◆ **Task details**
Go through the listing below and repeat it exactly, dropping the pictures.

◆ **Dataset section**
************
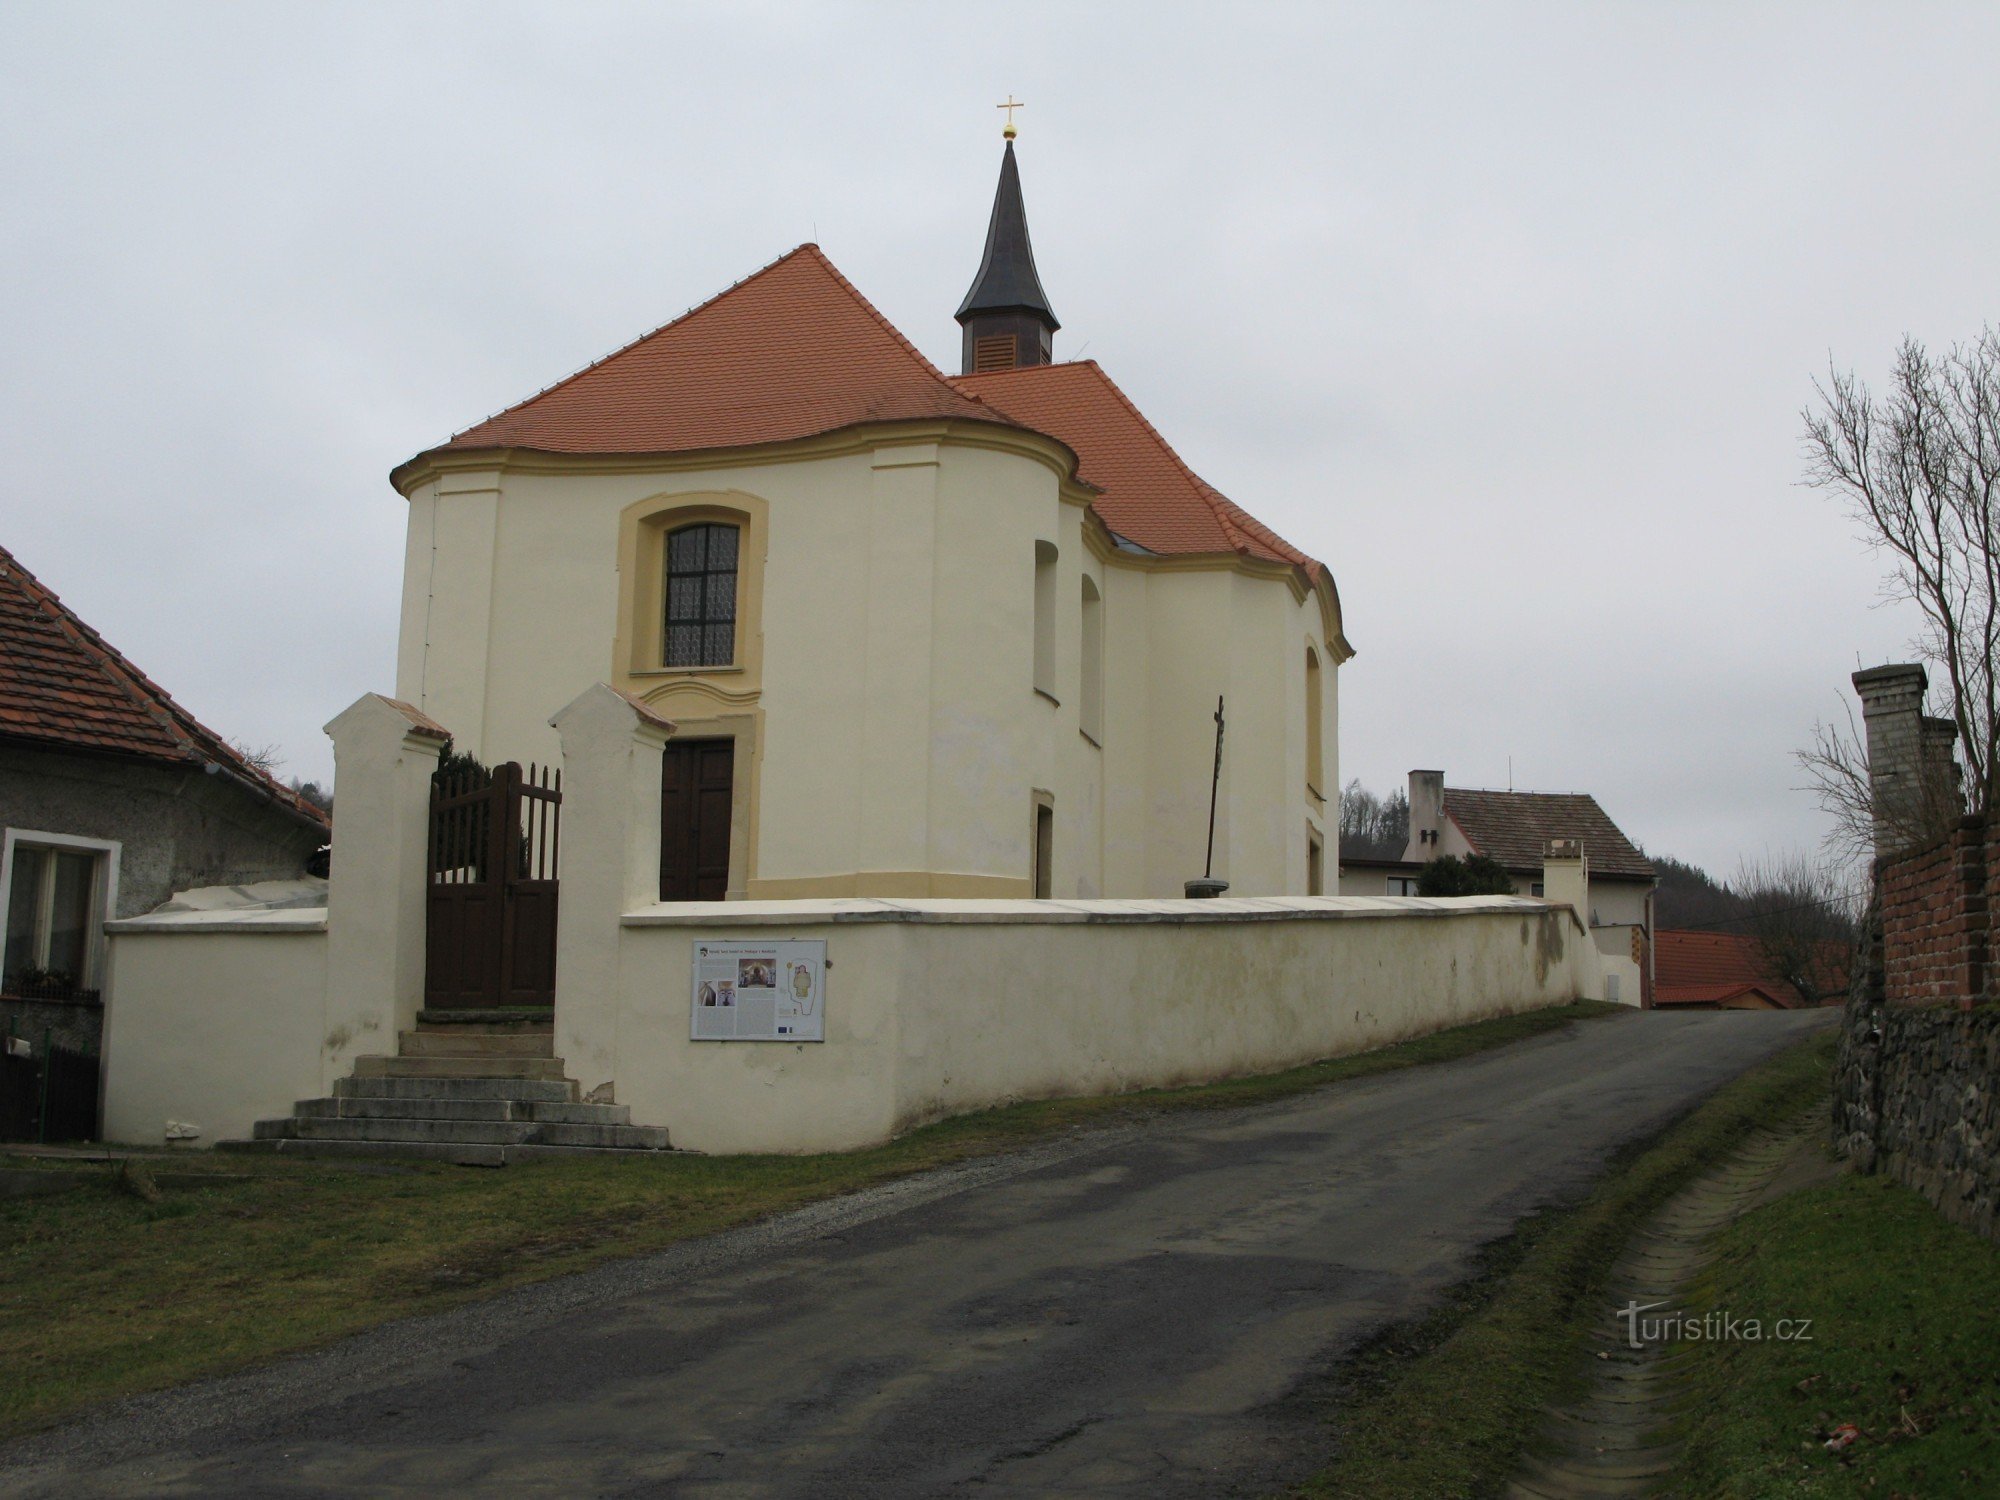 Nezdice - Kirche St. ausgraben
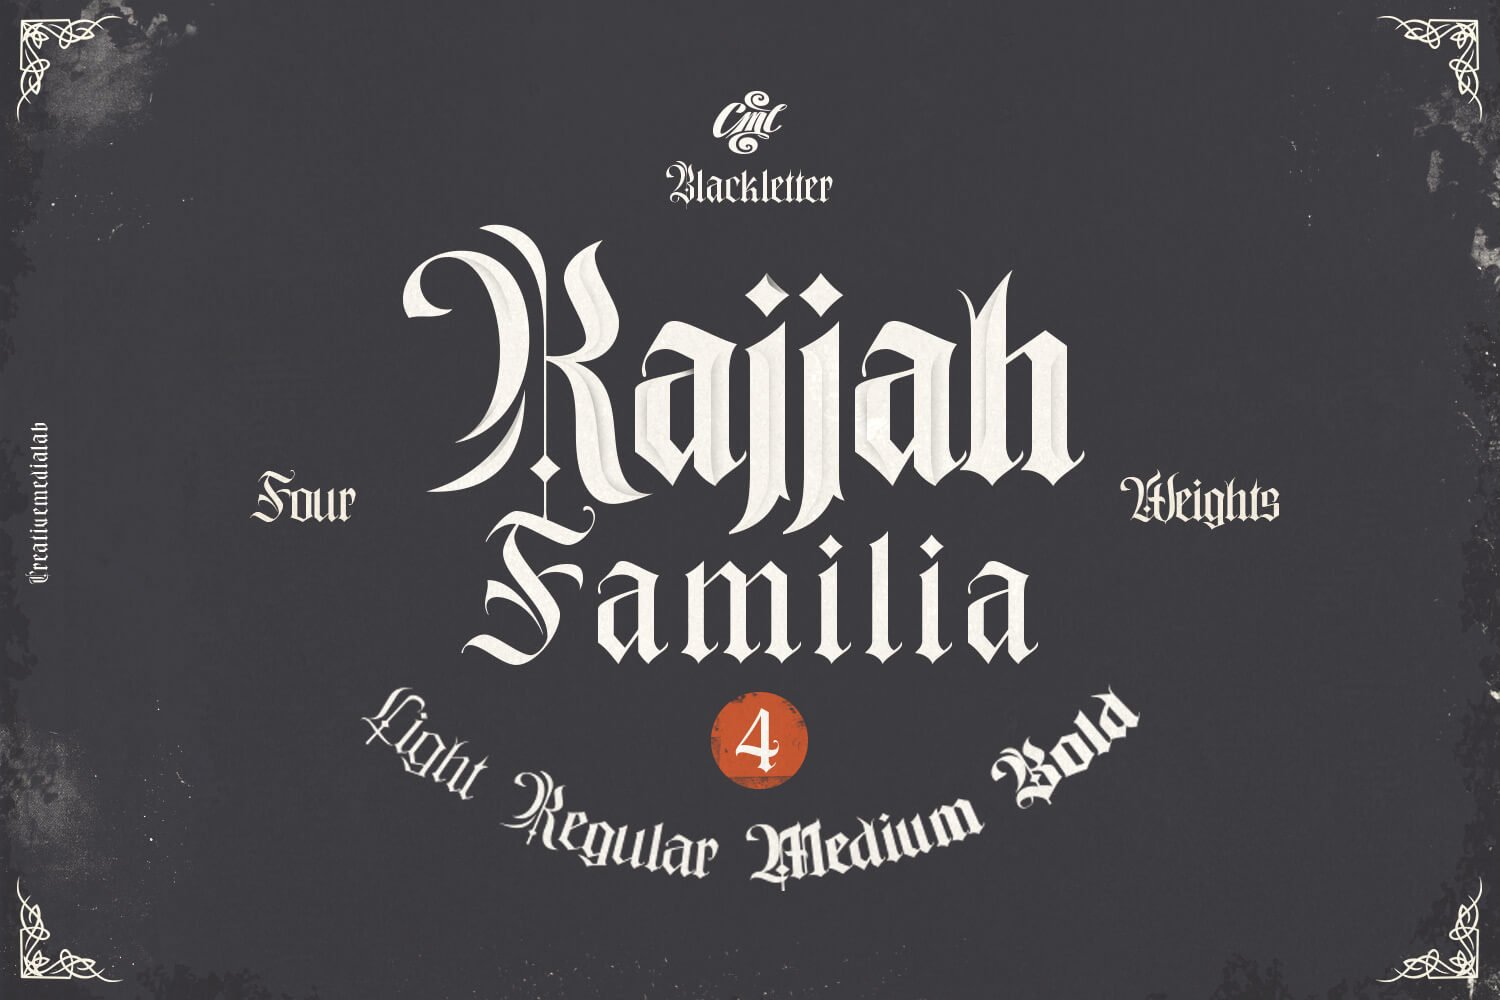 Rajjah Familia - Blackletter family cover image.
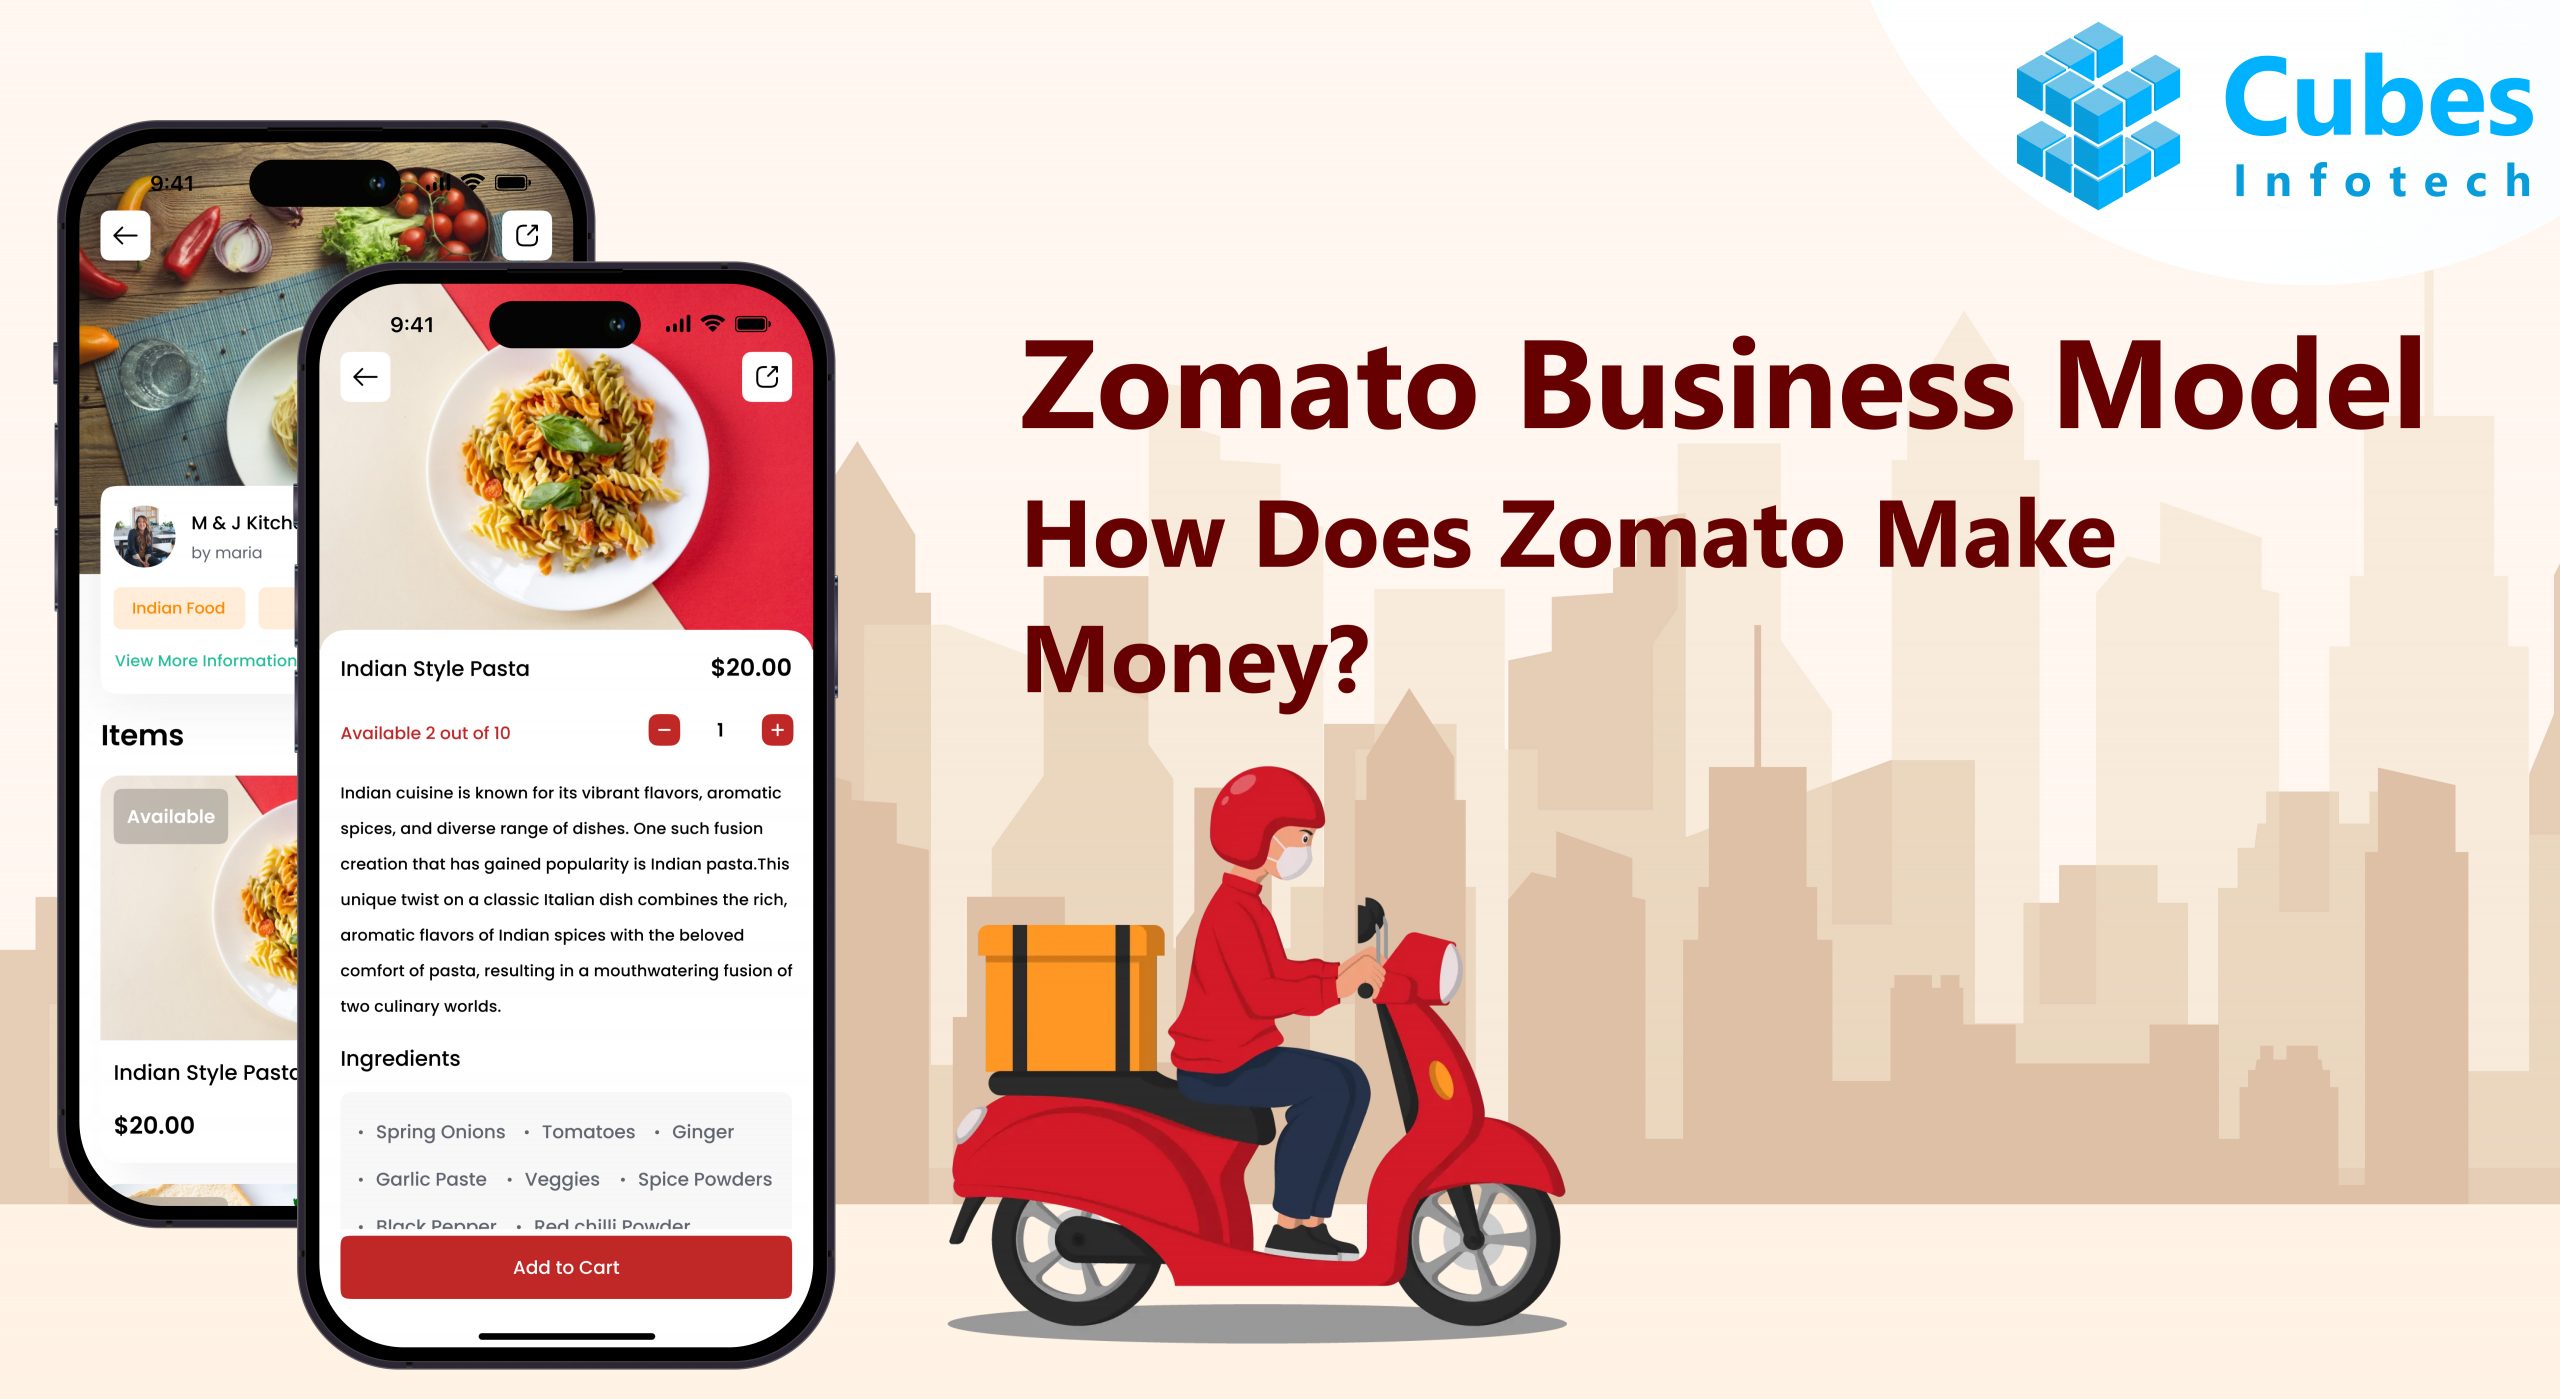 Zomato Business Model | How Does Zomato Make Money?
************
◆ **Solution to this task**
 Nezdice - Kirche St. ausgraben
 Rajjah Familia - Blackletter family cover image.
 Zomato Business Model | How Does Zomato Make Money?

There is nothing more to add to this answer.